As most of you are aware, since our last call, we have made a $600 million acquisition. We have successfully raised the funds to pay for it. We hedged volumes in 2008, 2009, and 2010 at 1350, 1218 and 1143 per MCF respectively and now all that remains is to close this deal. We are working on the traditional title work as with any deal and expect the transaction to close in the middle of August. You will recall this acquisition triples our Minden acreage to approximately 37,000 acres. Currently mentioned, we are testing the middle Bossier with our first horizontal well which we plan to be drilled into that section. We have other opportunities, initiatives which I previously discussed.
As I said in the operation section, we are well positioned in two of the most promising plays this industry has seen in a long time.
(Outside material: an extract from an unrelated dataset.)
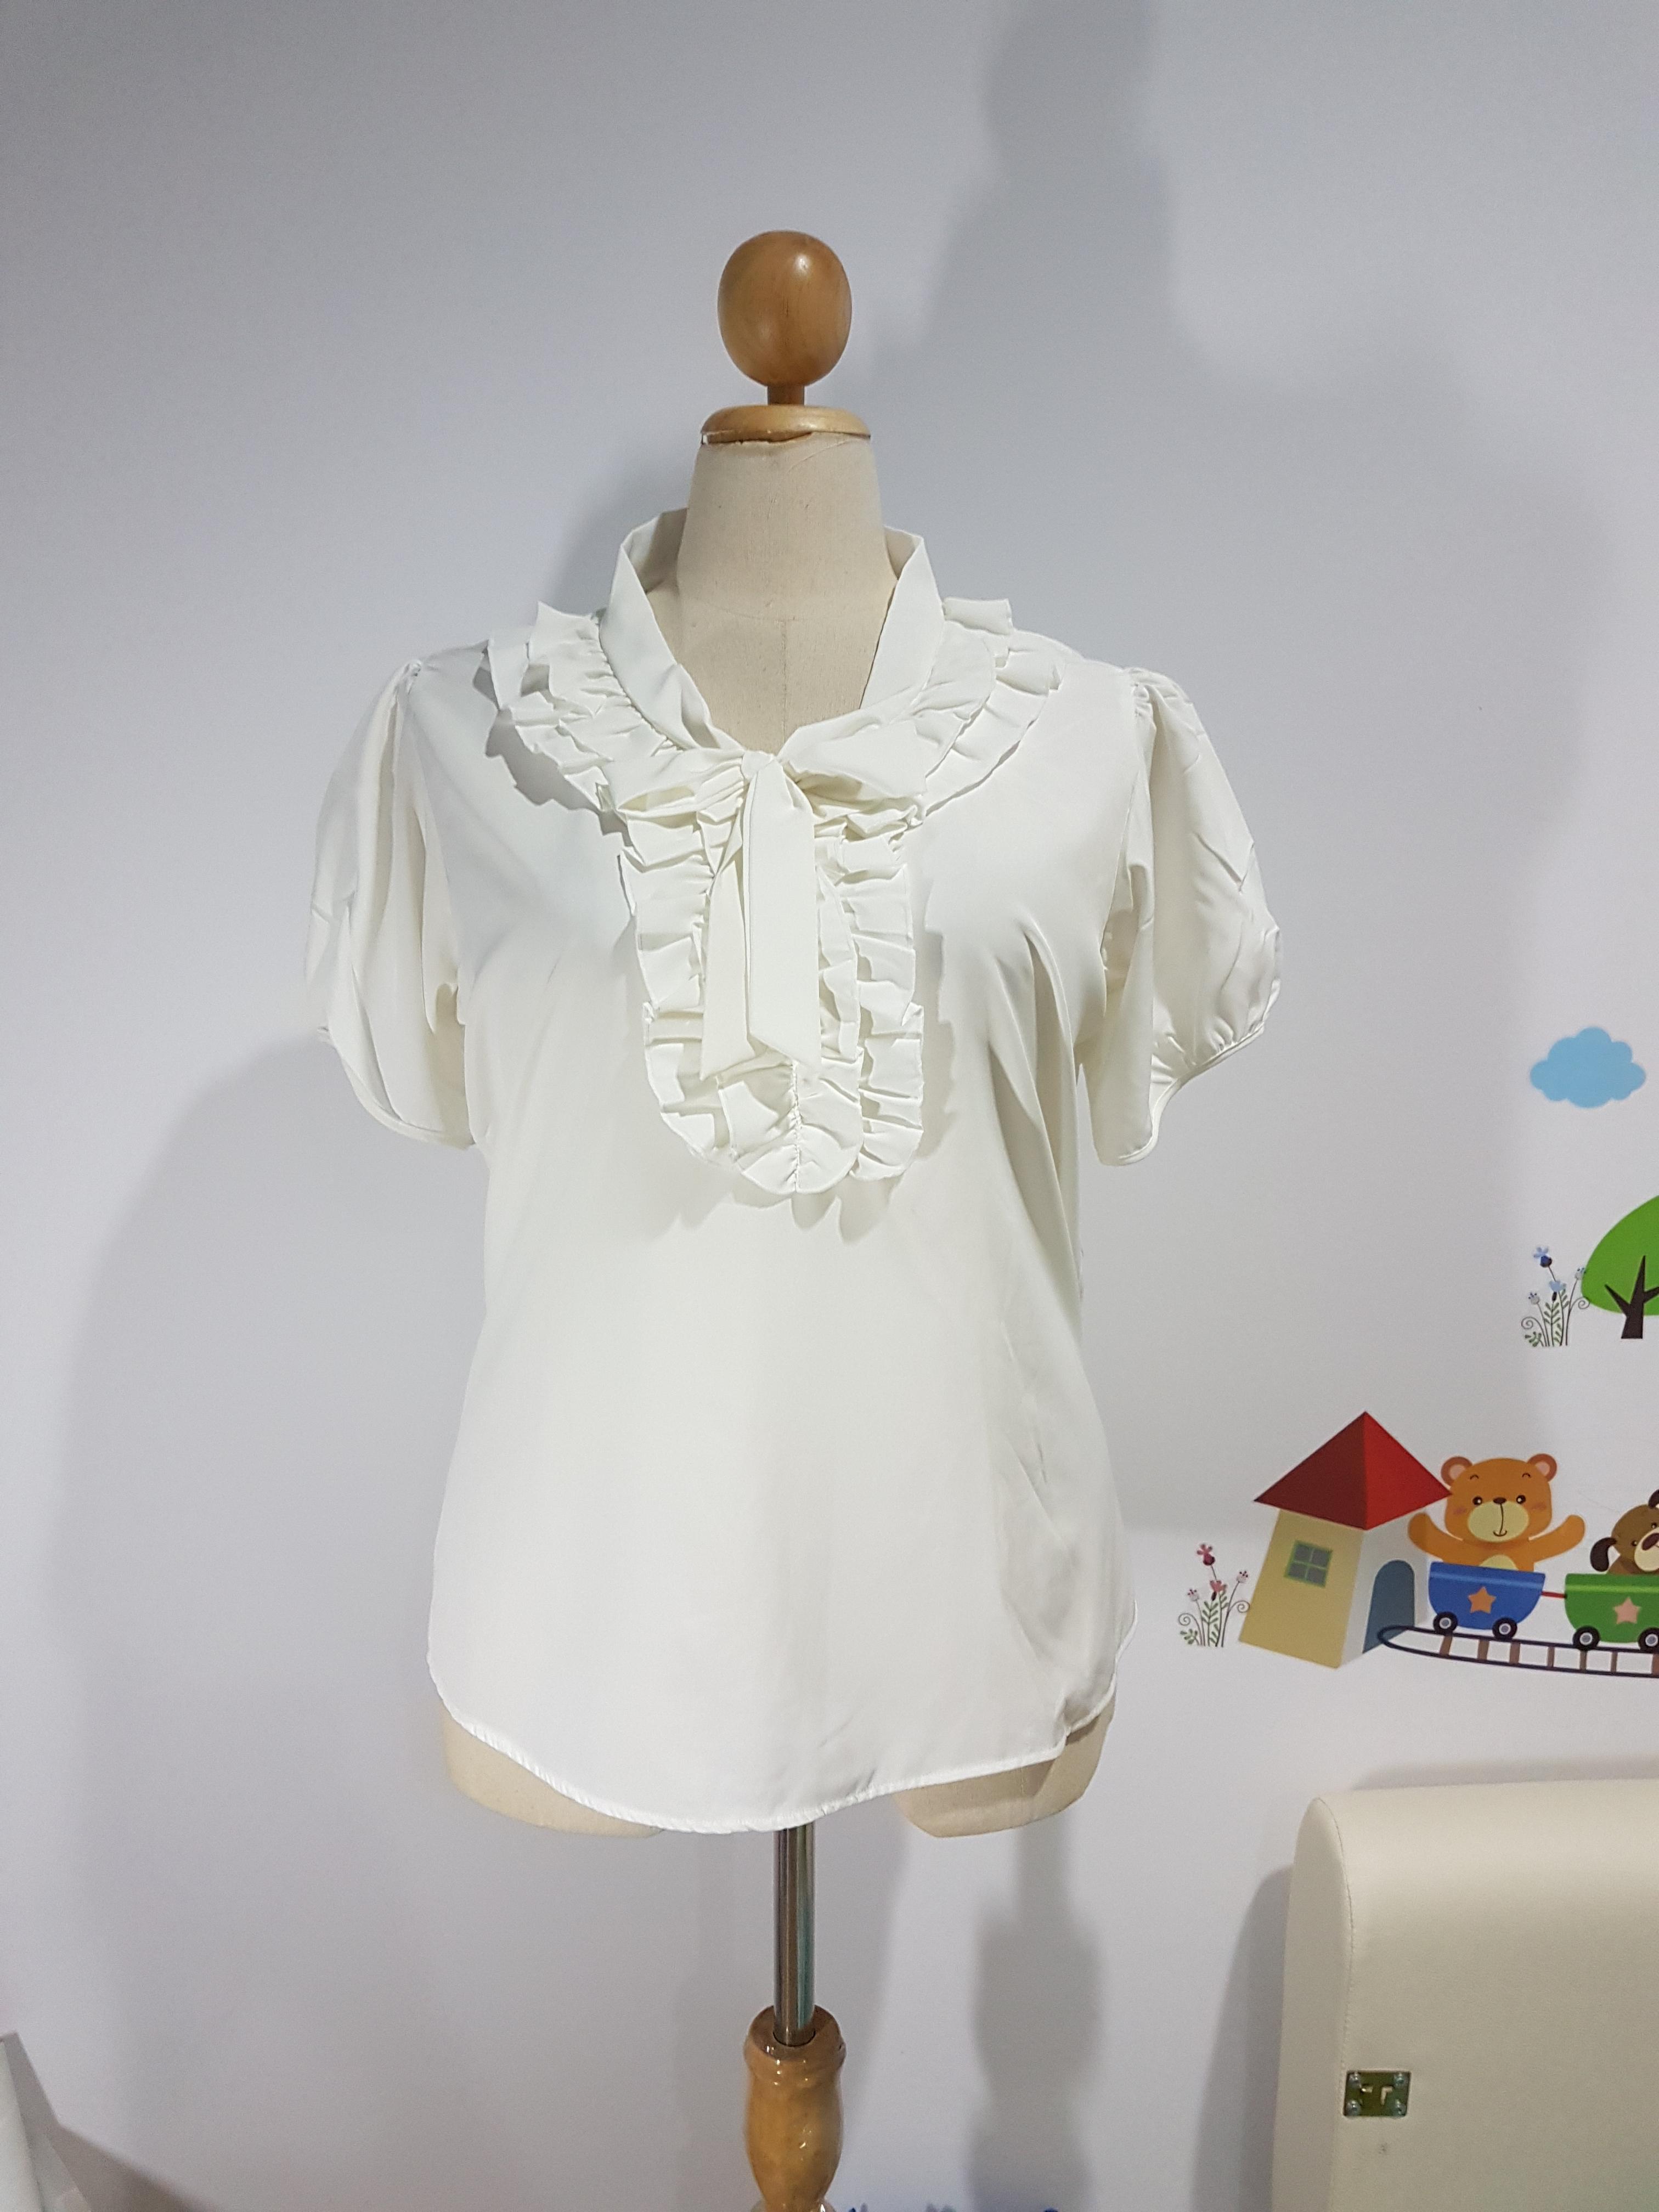 เสื้อ ผ้าไหมอิตาลี คอแหลม ผูกโบว์ สีขาว ไซส์ XXL อก 50 นิ้ว
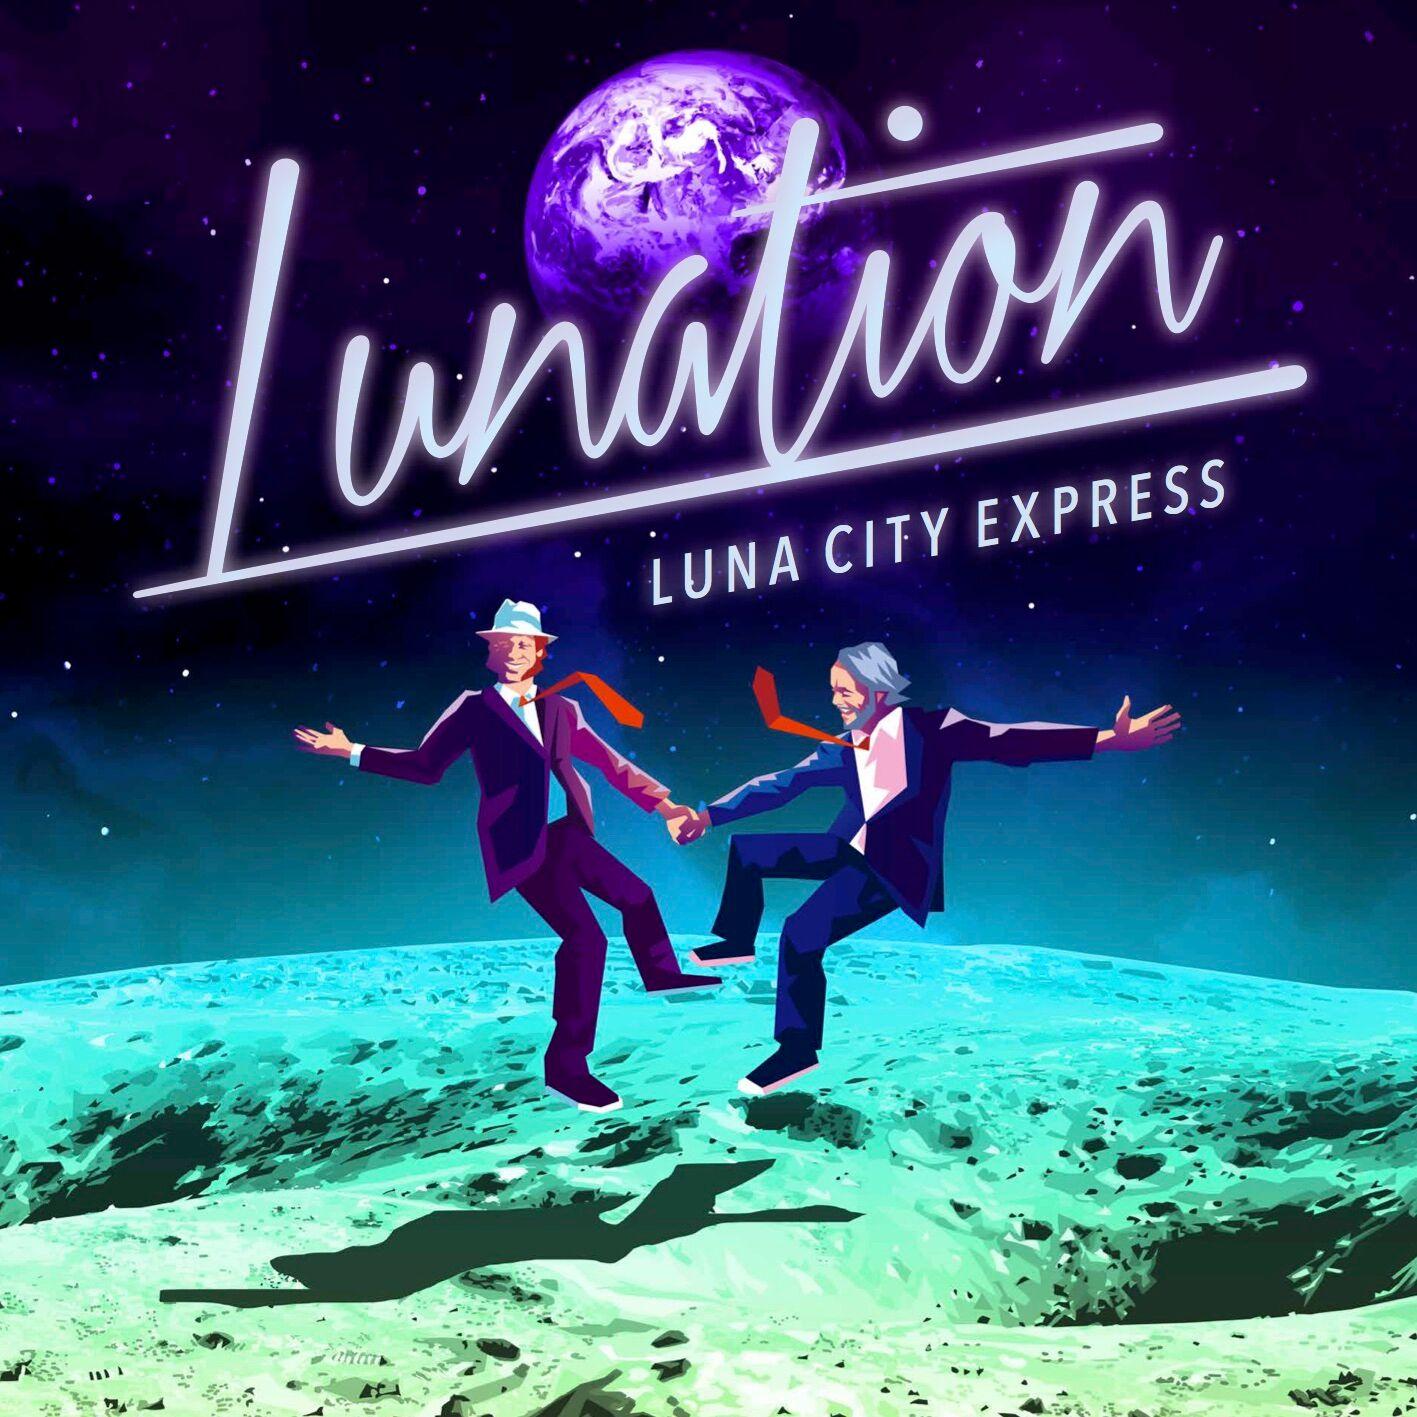 'Lunation' LP

Our task ahead is to accelerate the reserve realization in each of these areas. To do that, we have expanded capital and are putting the necessary resources in place. I do wish we had more tangible results for all of us at this time. However, I like our position and I'm confident that as we mature our opportunities, you will also appreciate Cabot's position. If you take into consideration Cabot's acreage position, coupled with the merging plays on our acreage, and what we found in the -- again, on our acreage and in the immediate area, we could be on the cusp of a material growth change in our story. If you look at the recent selloff in the position in the market and you look at what Cabot's anticipating reserves are at year end, we think we are trading in the ground at $2.70, $2.75 at this time. And looking at those values and looking at the inflationary pressures that we have seen in the marketplace we are looking at reinstituting our are buy back program.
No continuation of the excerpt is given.